◆ Dataset content:
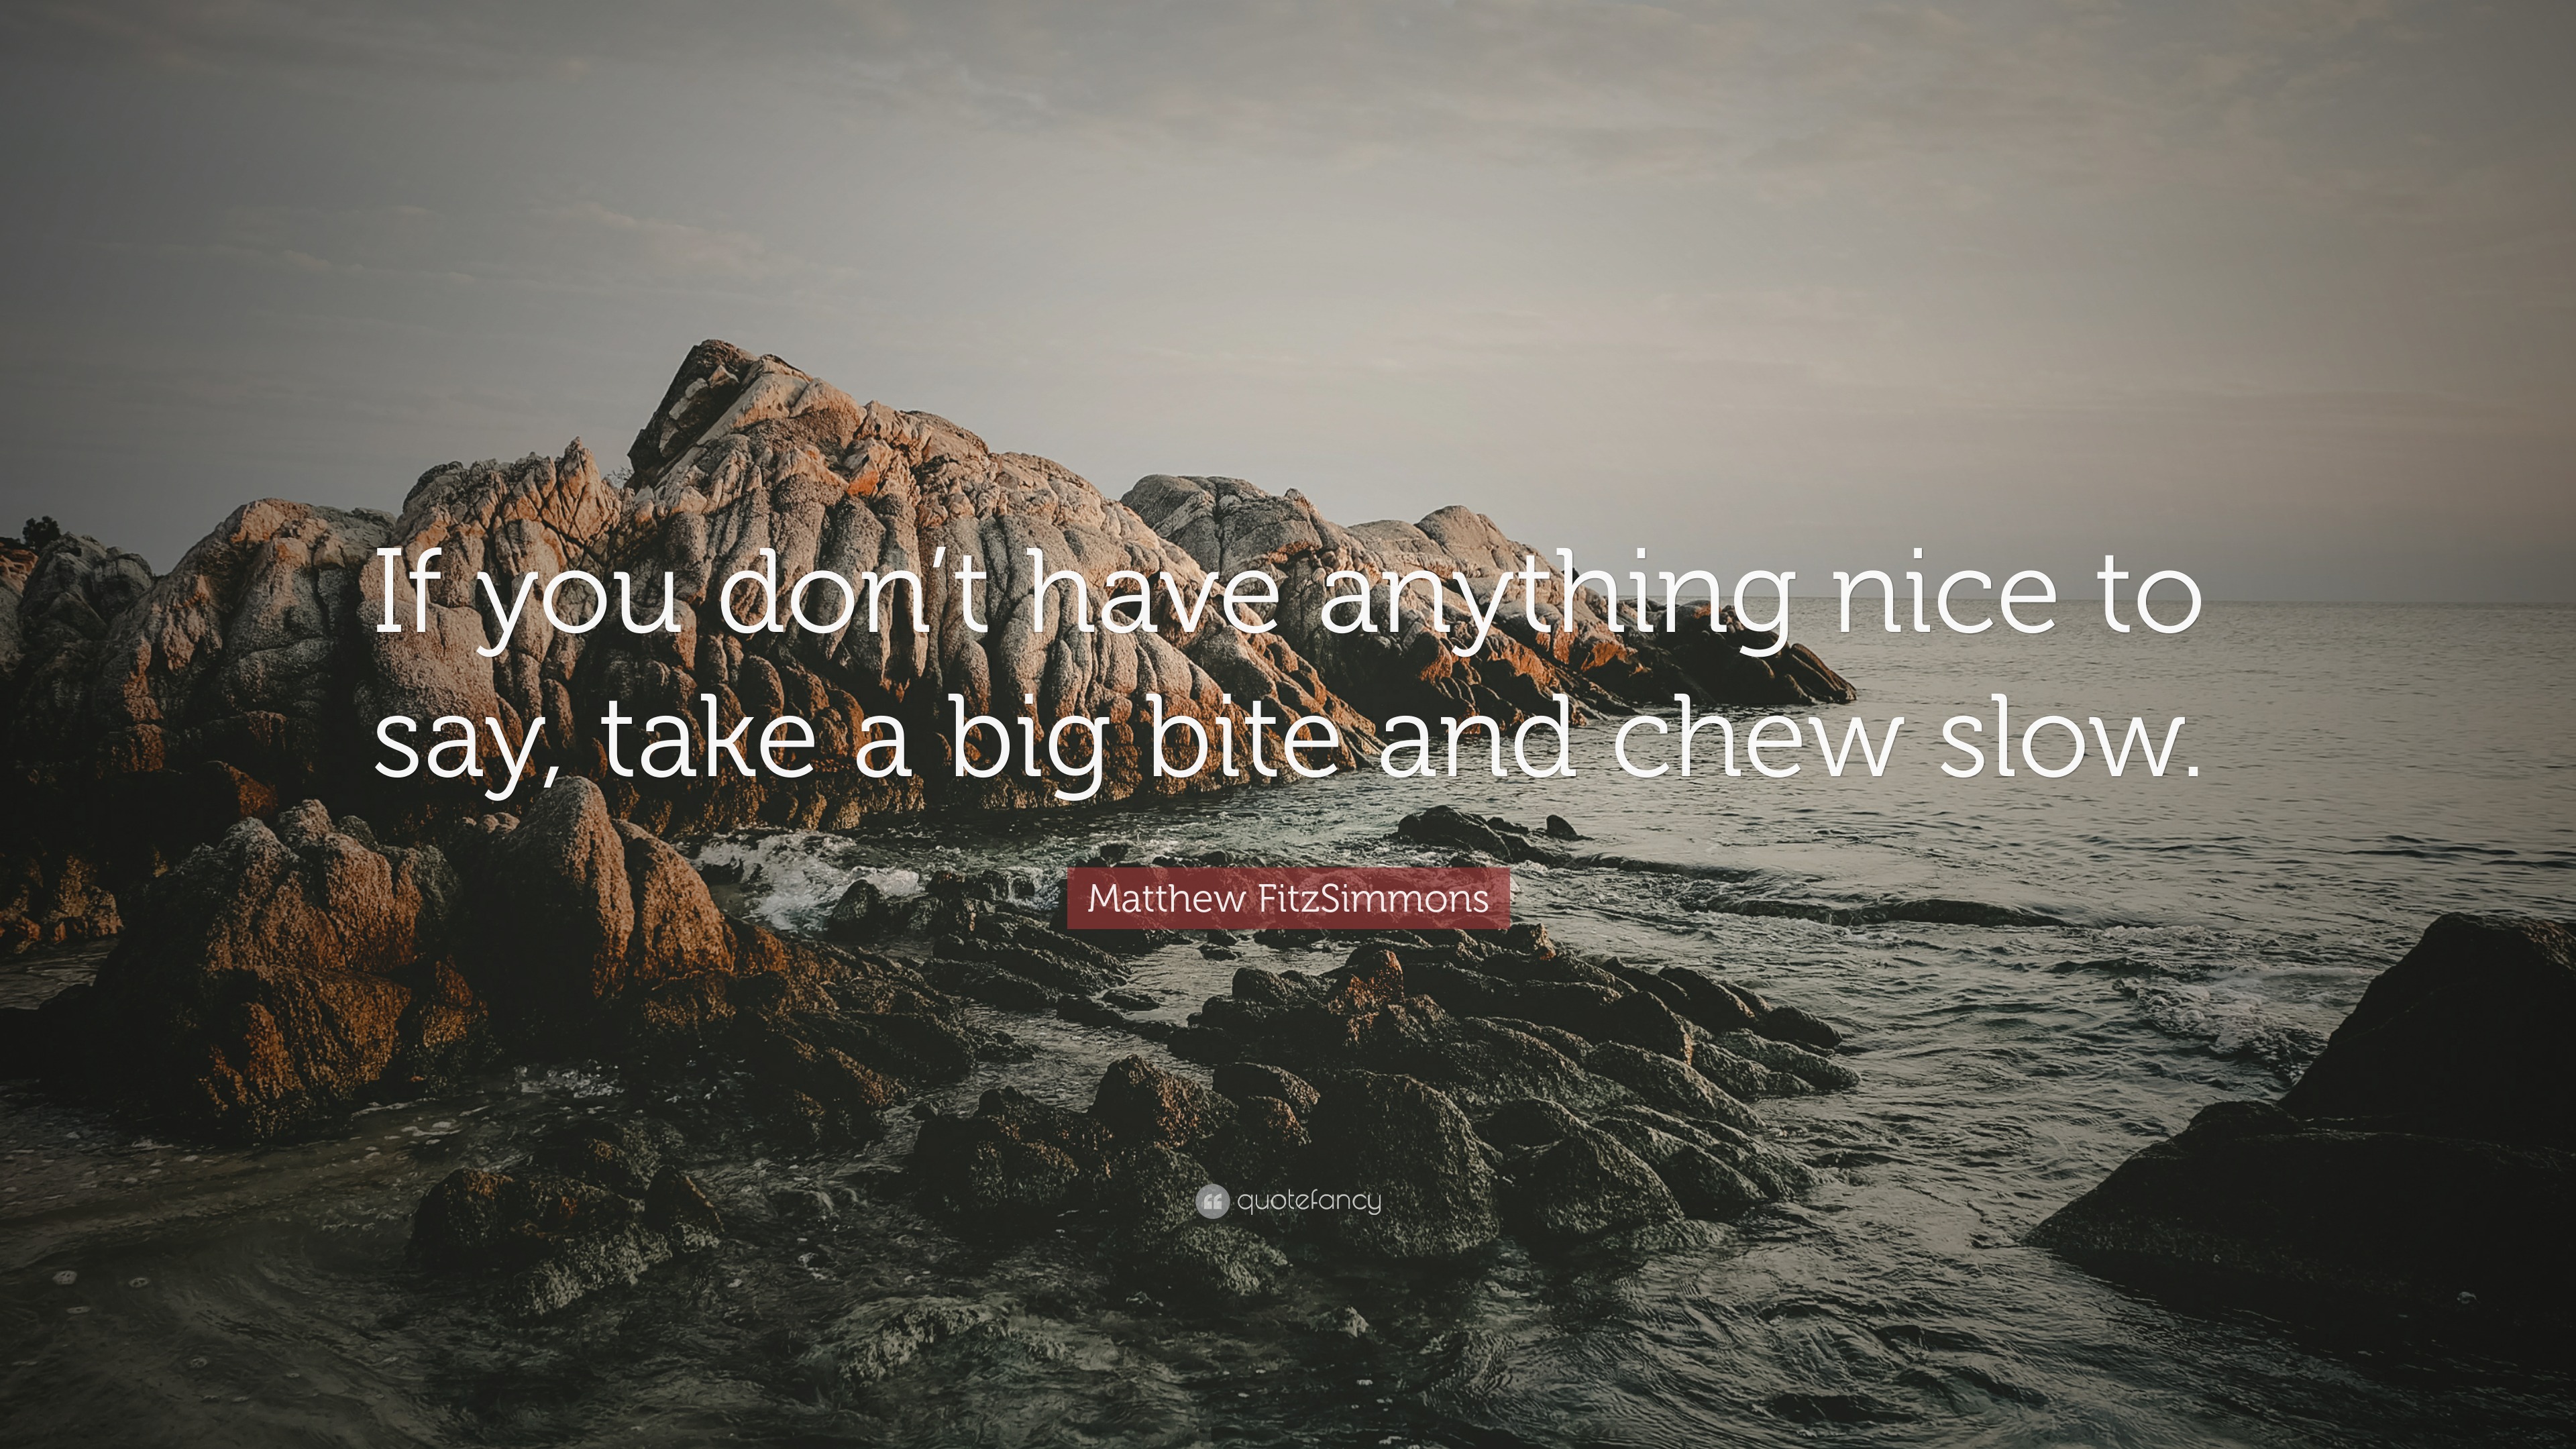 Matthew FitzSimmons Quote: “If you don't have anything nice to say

...

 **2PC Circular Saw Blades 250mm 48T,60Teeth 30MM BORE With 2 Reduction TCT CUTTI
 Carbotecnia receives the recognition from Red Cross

◆ Directions: Whatever else the listing above holds, retype exactly only the lines from the one containing "Reduction TCT CUTTI" to the one containing "Carbotecnia receives the", both ends kept.

◆ Task answer:
 **2PC Circular Saw Blades 250mm 48T,60Teeth 30MM BORE With 2 Reduction TCT CUTTI
 Carbotecnia receives the recognition from Red Cross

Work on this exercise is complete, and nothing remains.